## Activity
Copy the data below exactly, omitting any picture it contains.
START Recorded information
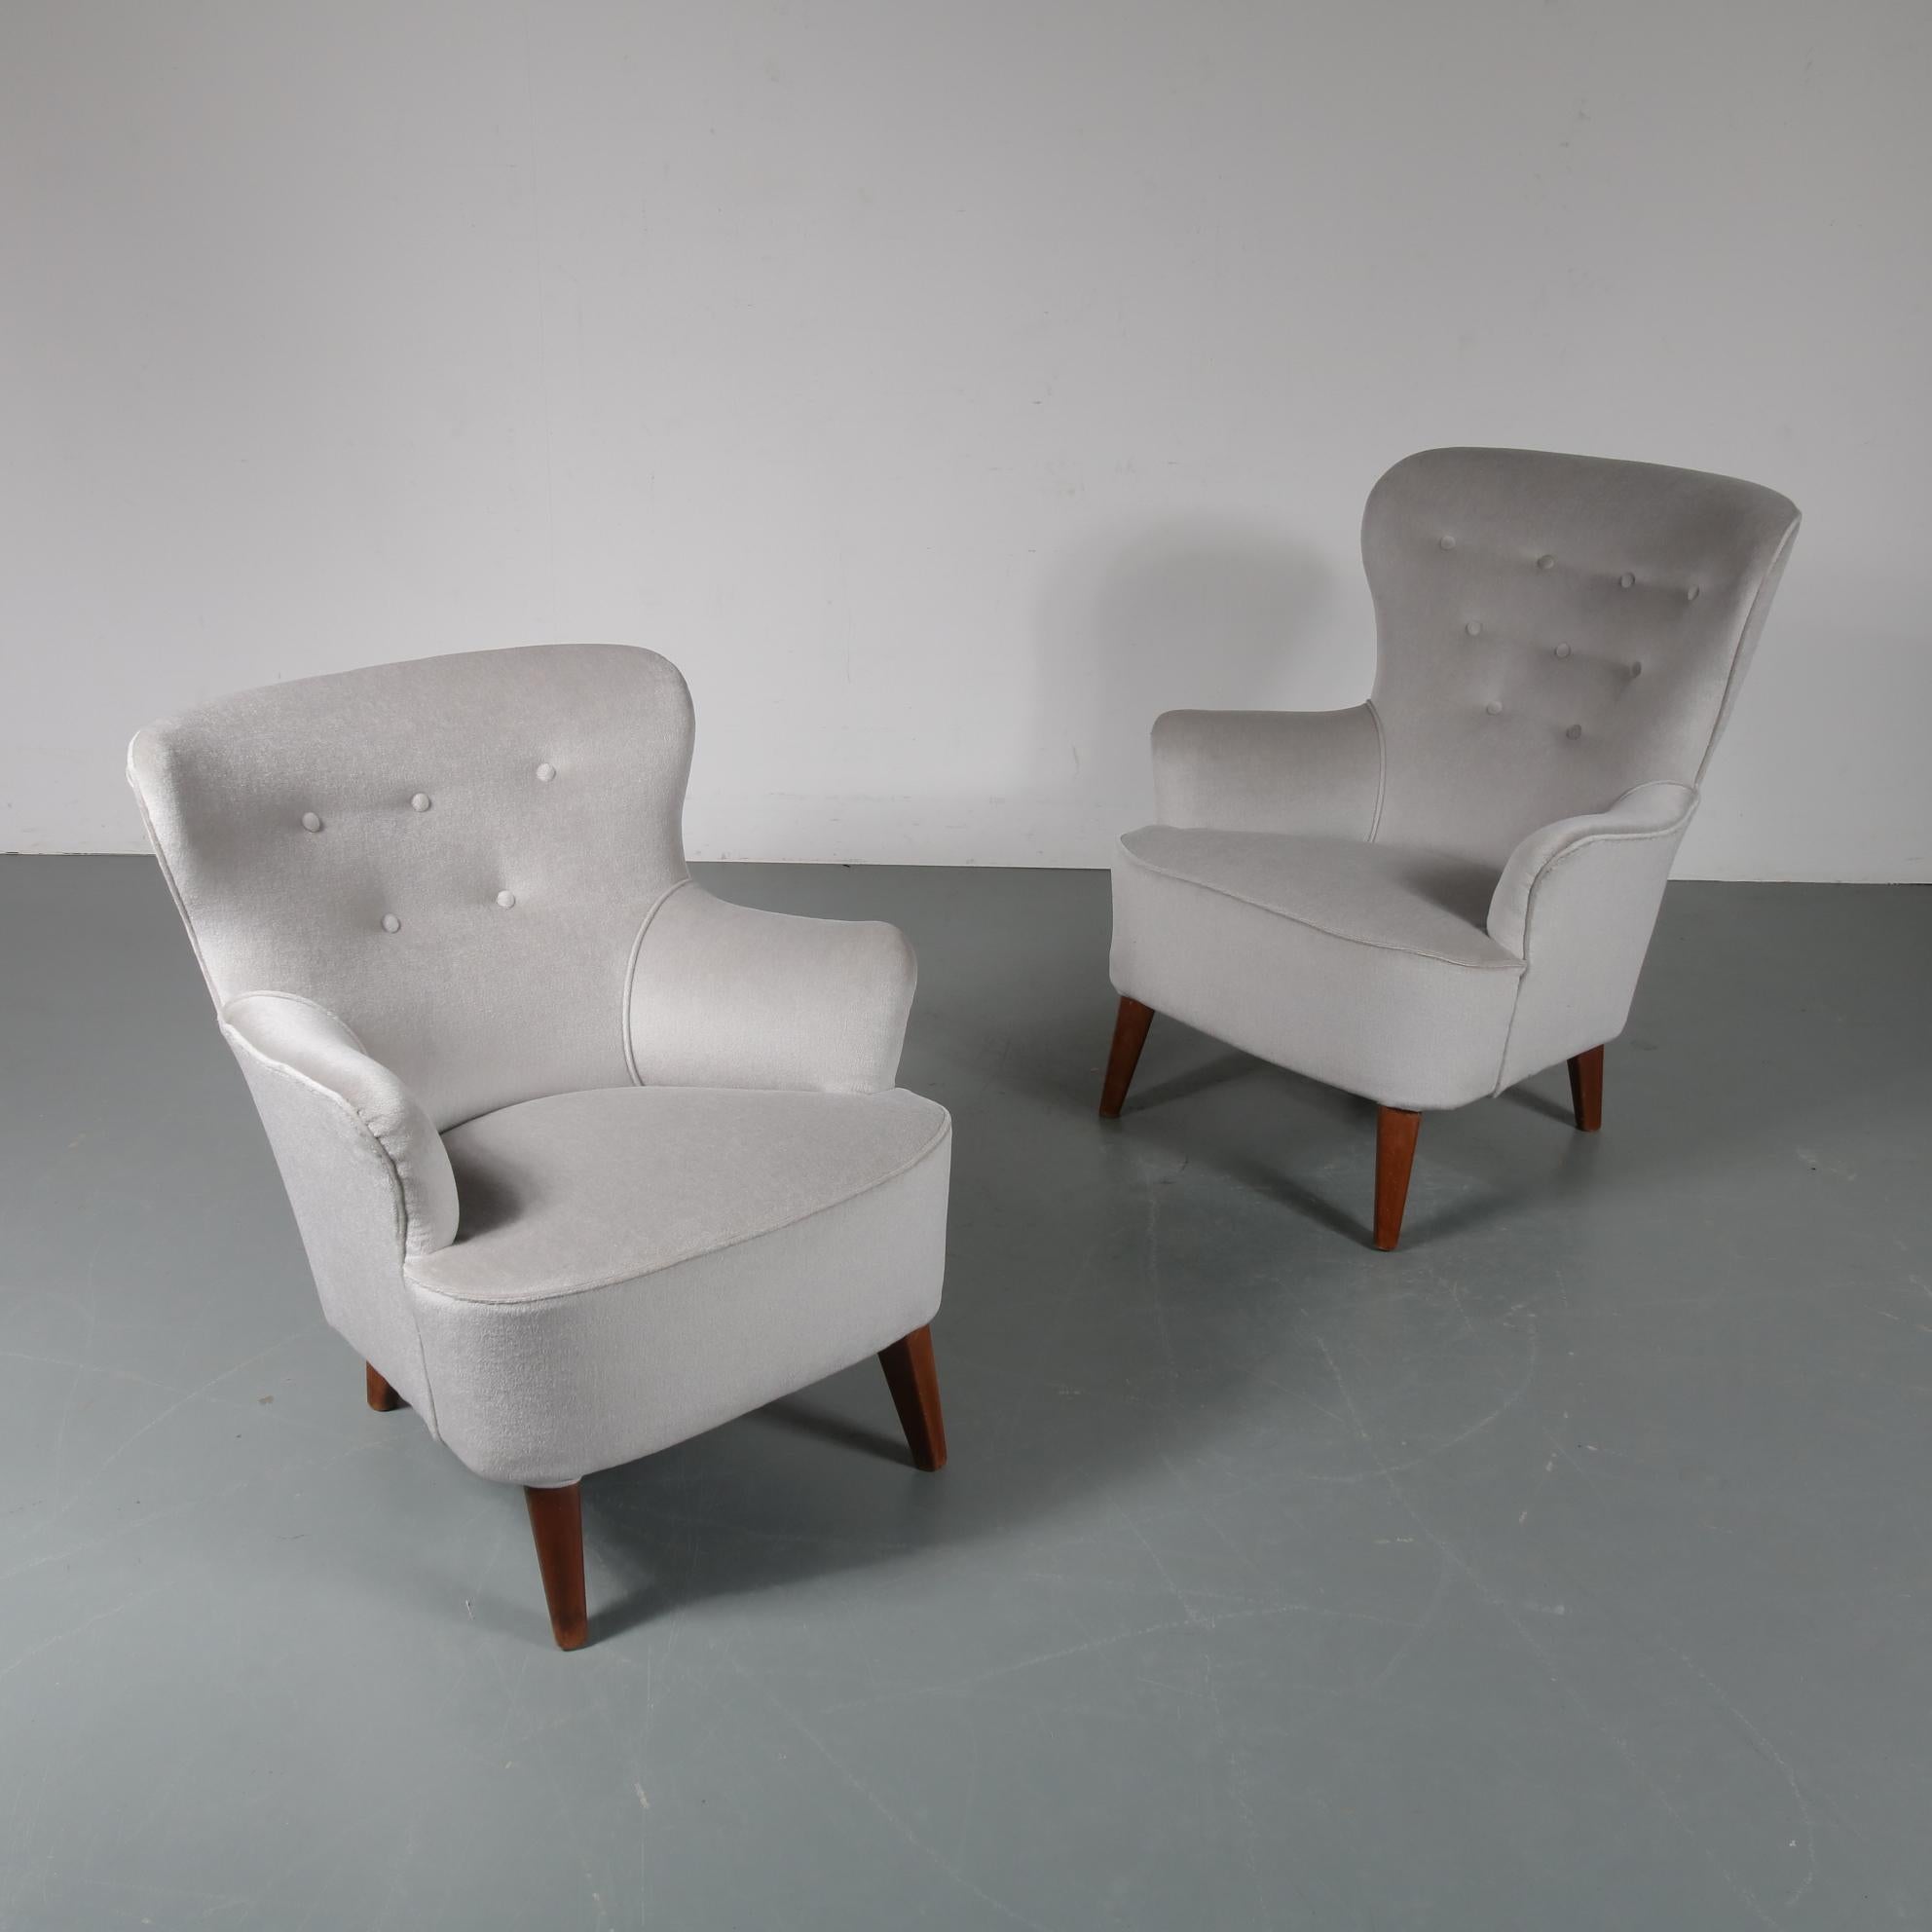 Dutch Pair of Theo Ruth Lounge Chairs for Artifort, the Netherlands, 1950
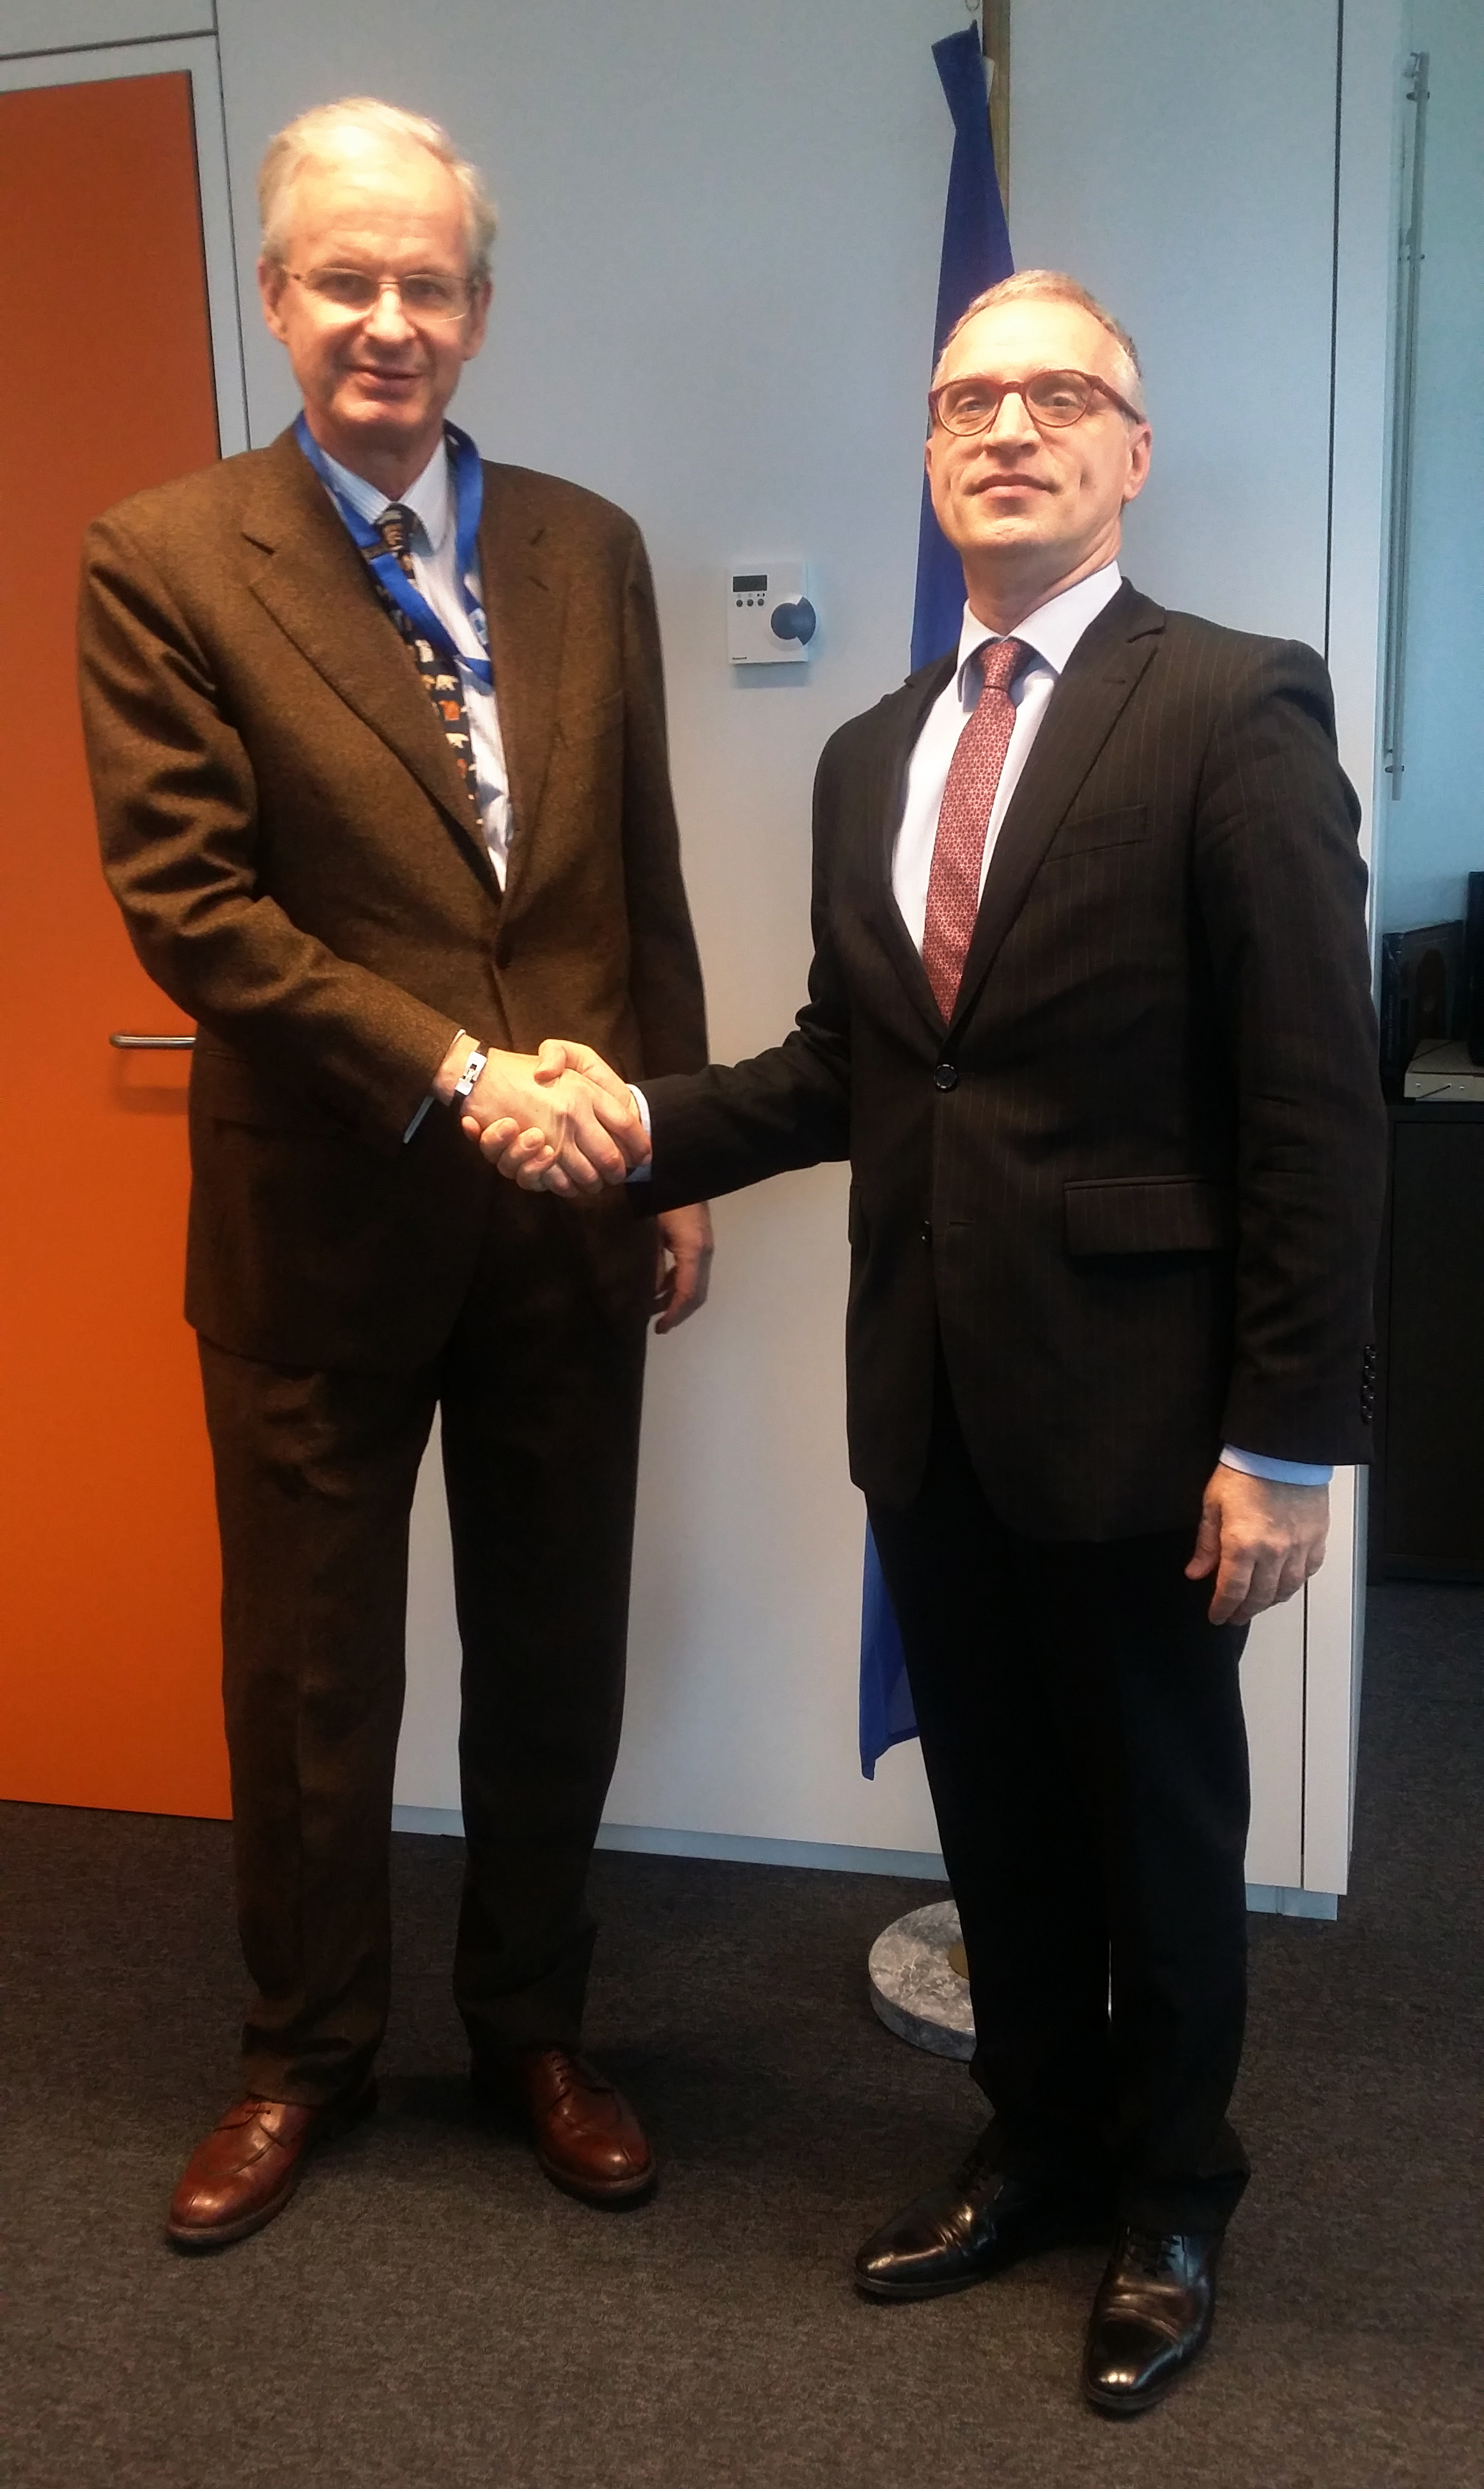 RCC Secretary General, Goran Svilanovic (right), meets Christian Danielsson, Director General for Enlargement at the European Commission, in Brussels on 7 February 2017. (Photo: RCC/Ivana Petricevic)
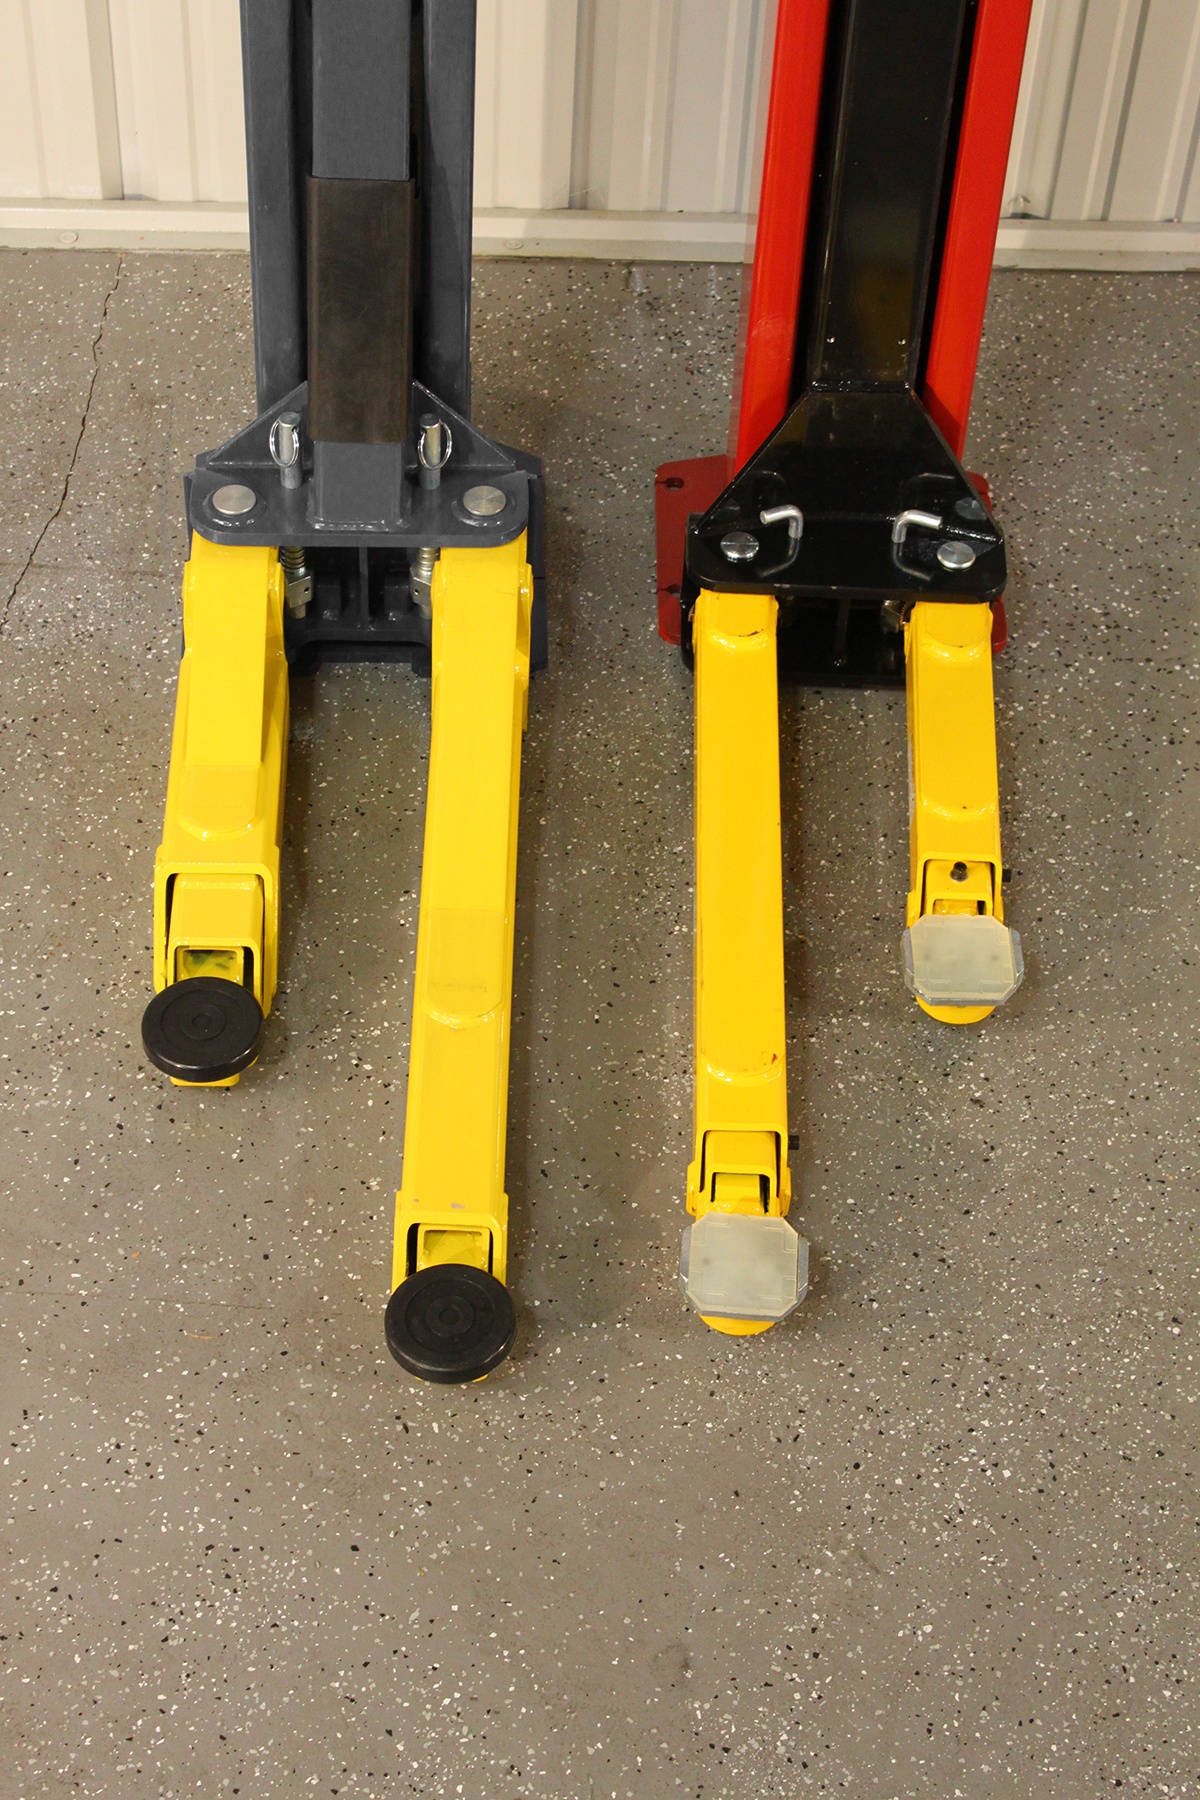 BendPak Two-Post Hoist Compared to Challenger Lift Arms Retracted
END Recorded information
## Solution to the problem
 Dutch Pair of Theo Ruth Lounge Chairs for Artifort, the Netherlands, 1950
 RCC Secretary General, Goran Svilanovic (right), meets Christian Danielsson, Director General for Enlargement at the European Commission, in Brussels on 7 February 2017. (Photo: RCC/Ivana Petricevic)
 BendPak Two-Post Hoist Compared to Challenger Lift Arms Retracted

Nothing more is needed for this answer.